# Port o lets



## daddymack (Jun 3, 2008)

So I have spent the last few years working at the headquarters of a big corporation. It's climate controlled, cafeteria, clean restrooms, the works. It can get boring a times but I can't complain.

For the last few weeks however I have been out in the real world. Still had indoor plumbing thank god.

Until.

The Owners of the building finally got tired of all the writing on the walls and had the GC provide the portolets.

I don't get the need to write on walls. I got over that around 3 years old. What P!sses me off the most I think is the F... the scabs stuff that was written. It just makes us look bad.

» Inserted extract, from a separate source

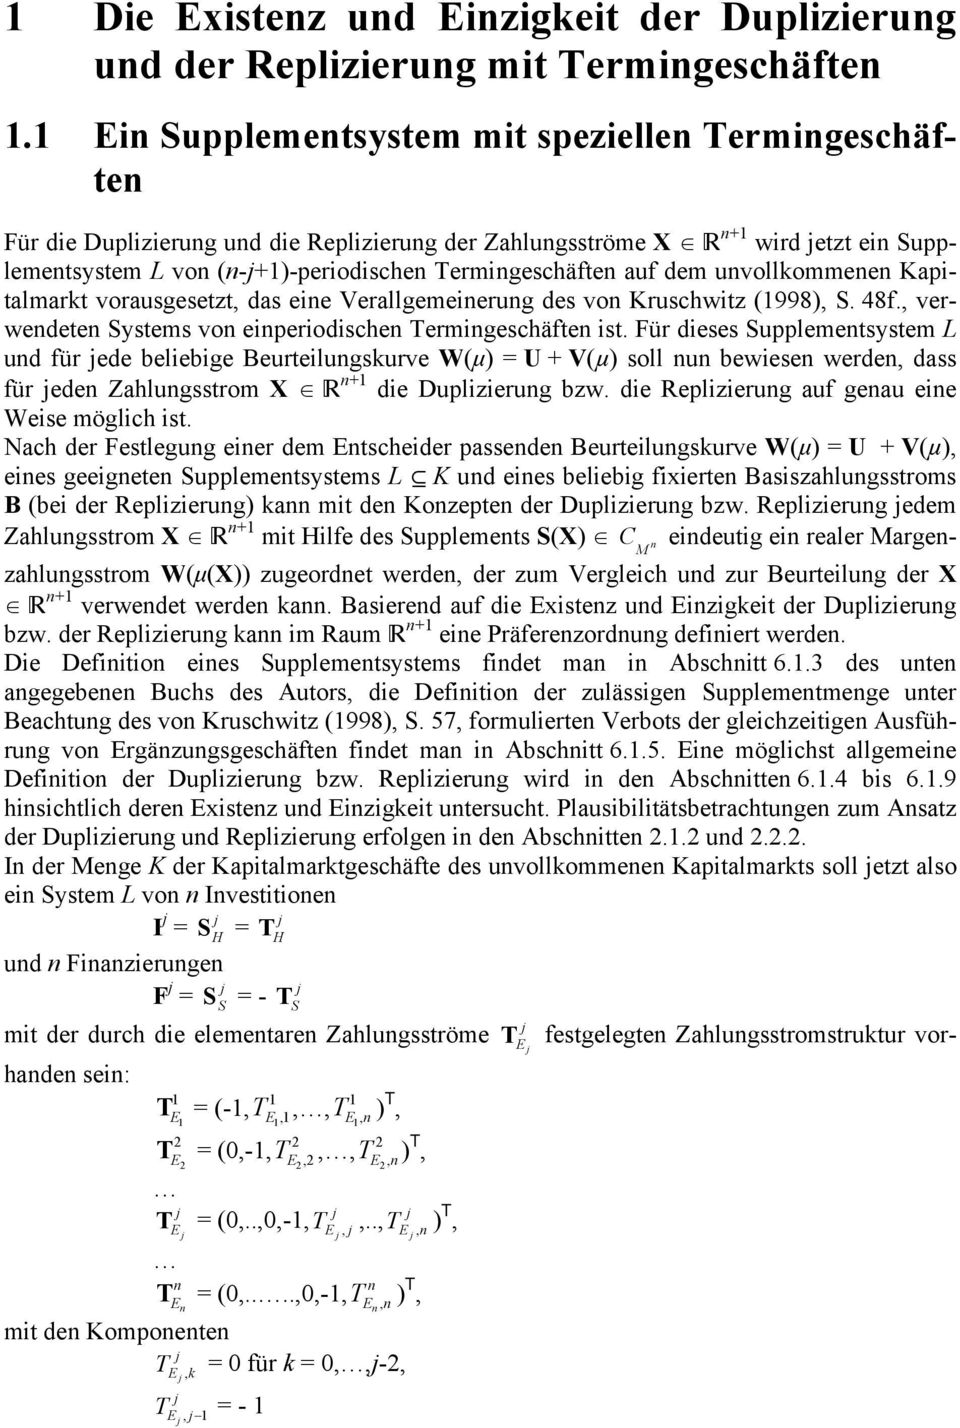 Kapitalmart vorausgesetzt, das eie Verallgemeierug des vo Kruscwitz (1998), S. 48f., verwedete Systems vo eiperiodisce Termigescäfte ist.

I also know one of the people who was doing it. He works for me at the headquarters. He's a hard worker but not a very good speller which gives him away. He's an adult but, I got to let him know that thats not acceptable. If you want to do it, sign your name. Don't make all of us look guilty by association.


----------



## Speedy Petey (Jan 10, 2007)

This winter be sure to thank him for having to crap in a 15 degree port-a-potty.  :no:


----------



## brian john (Mar 11, 2007)

I was on a finished project and we had to use porta potties, finally the let us "IN" about a week latter the porta's were back. The workers were crappping on the floor on the wall every where but in the can. So back to the porta potties.

And you wonder why construction workers have a bad name.


----------



## Adam12 (May 28, 2008)

You can always find out whats going on at the jobsite simply by reading the $hitter walls.

Sometimes the stuff written is funny most of the time its written by illiterate morons and doesnt make any sense.


----------